# Random forest classifcation using Spark

This notebook tries to address the following problem:

*(Bonus) Train your learning algorithm for one of the above questions in a distributed fashion, such as using Spark. Here, you can assume either the data or the model is too large/efficient to be process in a single computer.*


Although in the original solution I tried different classifiers and ensemble, int his spark based one, I am only using RandomForest for simplicity. I don't have too much exposure to Spark's machine learning libraries, so this ia quite a bit of an exploration for me.

Although here I intended to generate all features (text and non-text), for limited time, I will finally be using only the text features for classification purpose.

## Necessary imports

In [65]:
import datetime
import calendar
import numpy as np
    
from pyspark.mllib.tree import RandomForest, RandomForestModel
from pyspark.mllib.util import MLUtils
from pyspark.mllib.regression import LabeledPoint
from pyspark.sql import SparkSession
from pyspark.sql.functions import lower
from pyspark.ml.feature import HashingTF, IDF, Tokenizer
from pyspark.ml.classification import RandomForestClassifier
from pyspark.mllib.linalg import Vector as MLLibVector, Vectors as MLLibVectors

from sklearn.metrics import classification_report
from sklearn.preprocessing import LabelEncoder

**Initiate sark session**

In [25]:
spark = SparkSession.builder.getOrCreate()

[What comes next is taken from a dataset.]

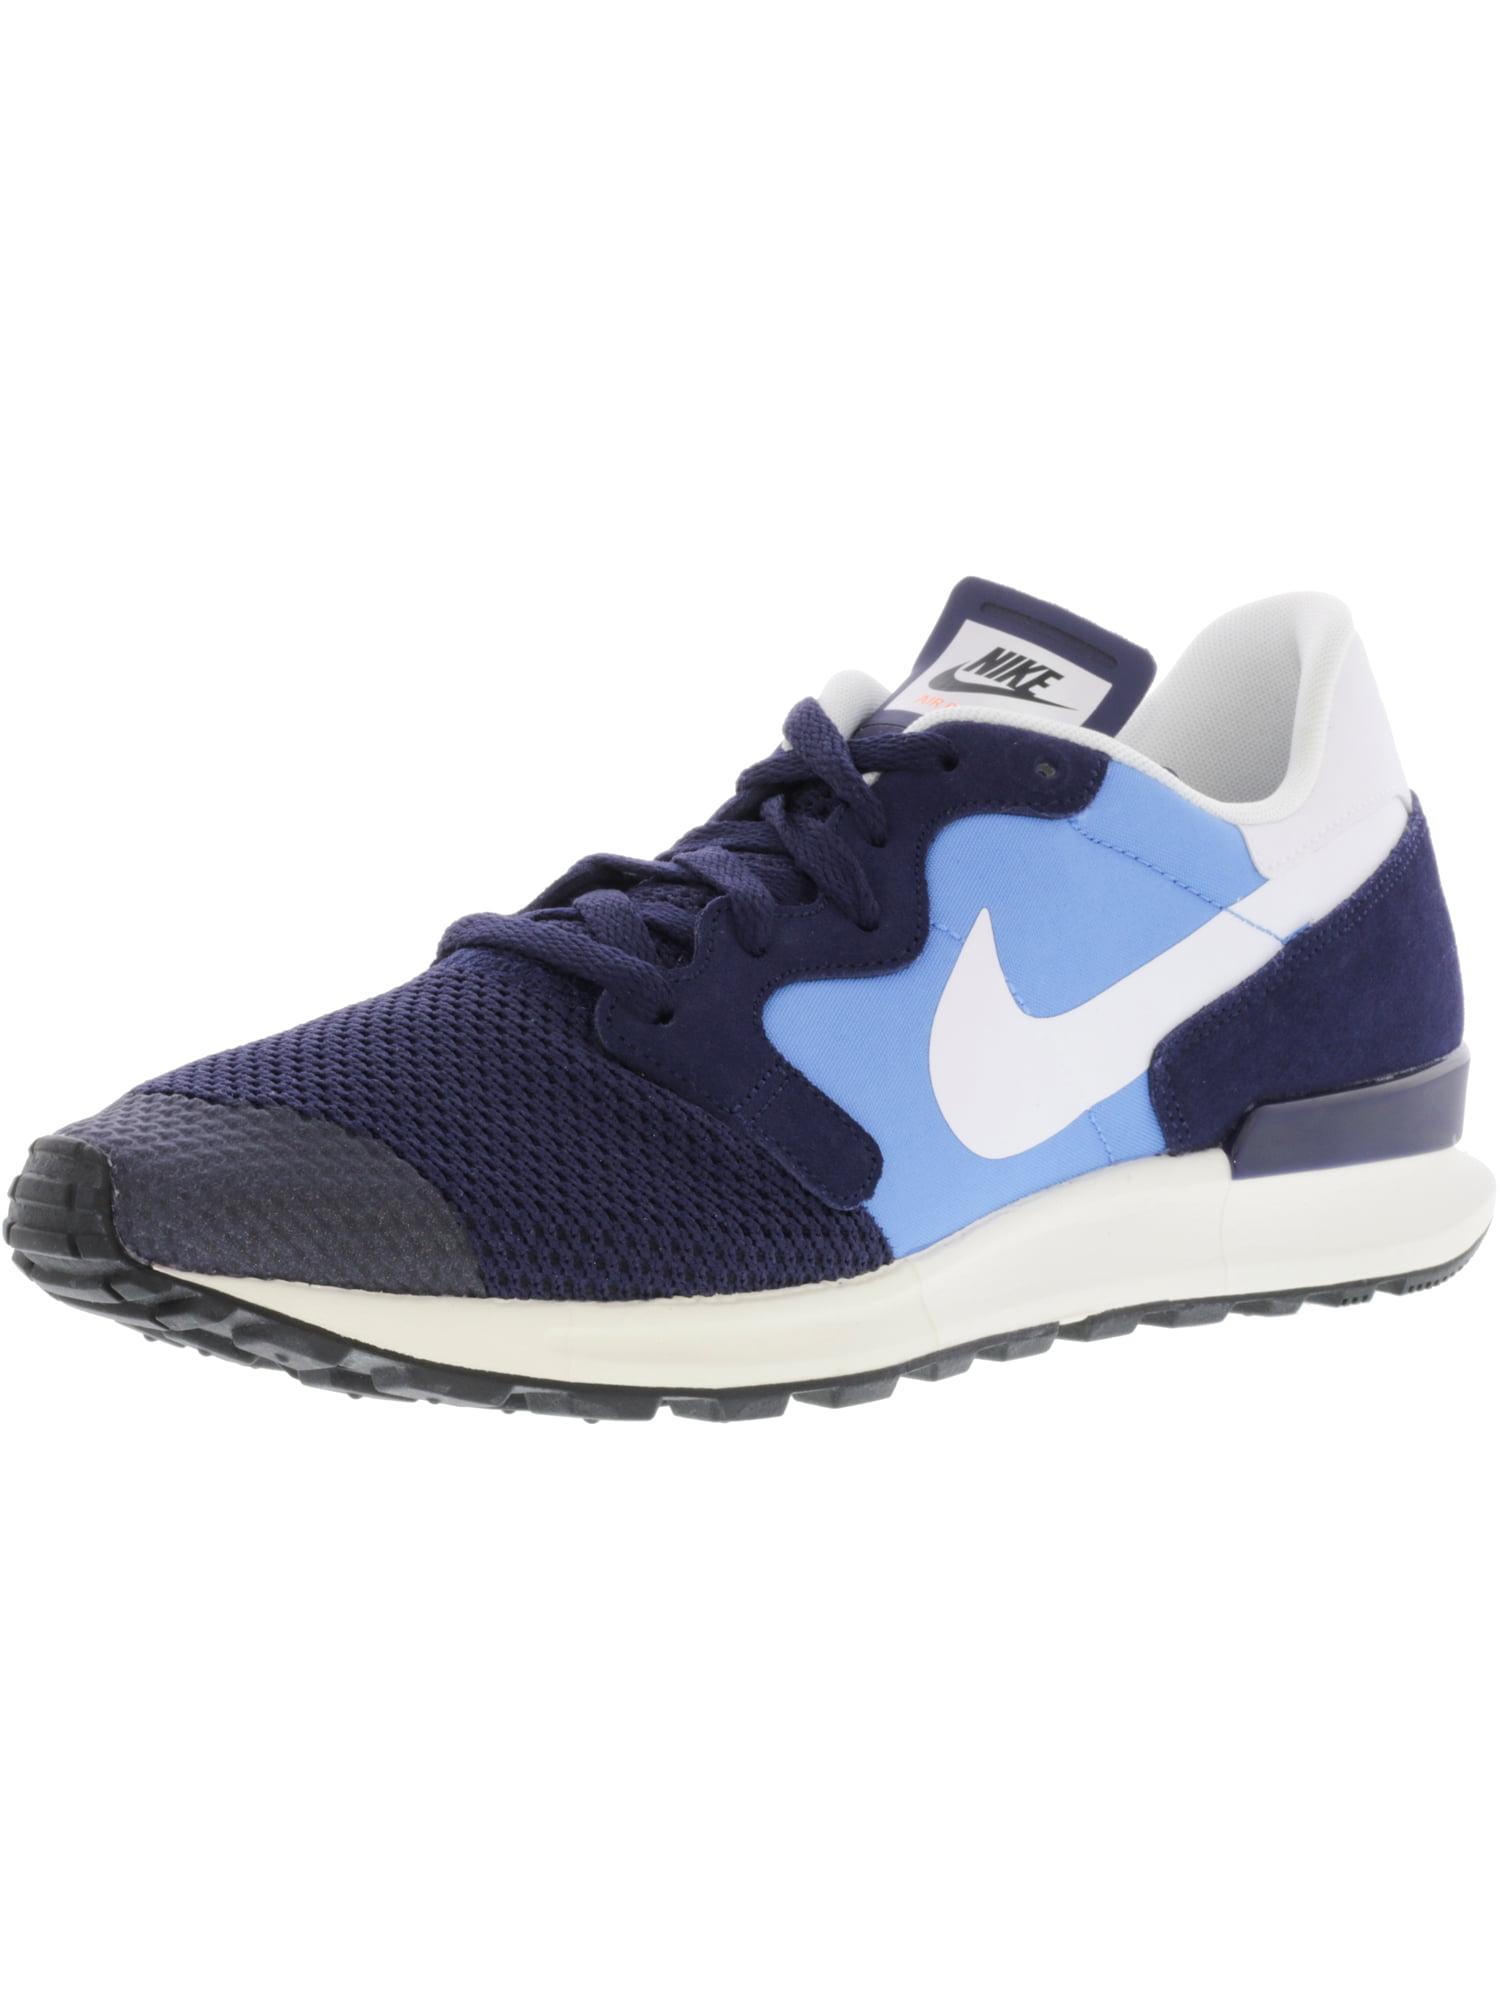 promo code 15992 05861 where to buy nike mens air berwuda blitz blue white blackened ankle high  running shoe 10m

**Read n the data in datafarames and create temp views**

In [26]:
df_train = spark.read.format('csv').options(header='true', inferschema='true').load('training_data_example.csv')

df_val = spark.read.format('csv').options(header='true', inferschema='true').load('validation_data_example.csv')

df_employee = spark.read.format('csv').options(header='true', inferschema='true').load('employee.csv')
df_employee = df_employee.withColumnRenamed('employee id', 'employee_id')
df_employee.createOrReplaceTempView('employee')

In [27]:
lencoder = LabelEncoder()
lencoder.fit(df_train.select('category').rdd.map(lambda x: x[0]).collect())
names = set(df_val.select('category').rdd.map(lambda x: x[0]).collect()) # label names to be used later
y_train = lencoder.transform(df_train.select('category').rdd.map(lambda x: x[0]).collect())
y_val = lencoder.transform(df_val.select('category').rdd.map(lambda x: x[0]).collect())
val_categoroes = []
for clazz in lencoder.classes_:
    if clazz in names:
        val_categoroes.append(clazz)

**Define some UDFs to use in spark SQL**

In [28]:
def get_weekday(date):
    month, day, year = (int(x) for x in date.split('/'))    
    weekday = datetime.date(year, month, day)
    return calendar.day_name[weekday.weekday()]

def get_month(date):
    month, day, year = (int(x) for x in date.split('/'))    
    return month

spark.udf.register('get_weekday', get_weekday)
spark.udf.register('get_month', get_month)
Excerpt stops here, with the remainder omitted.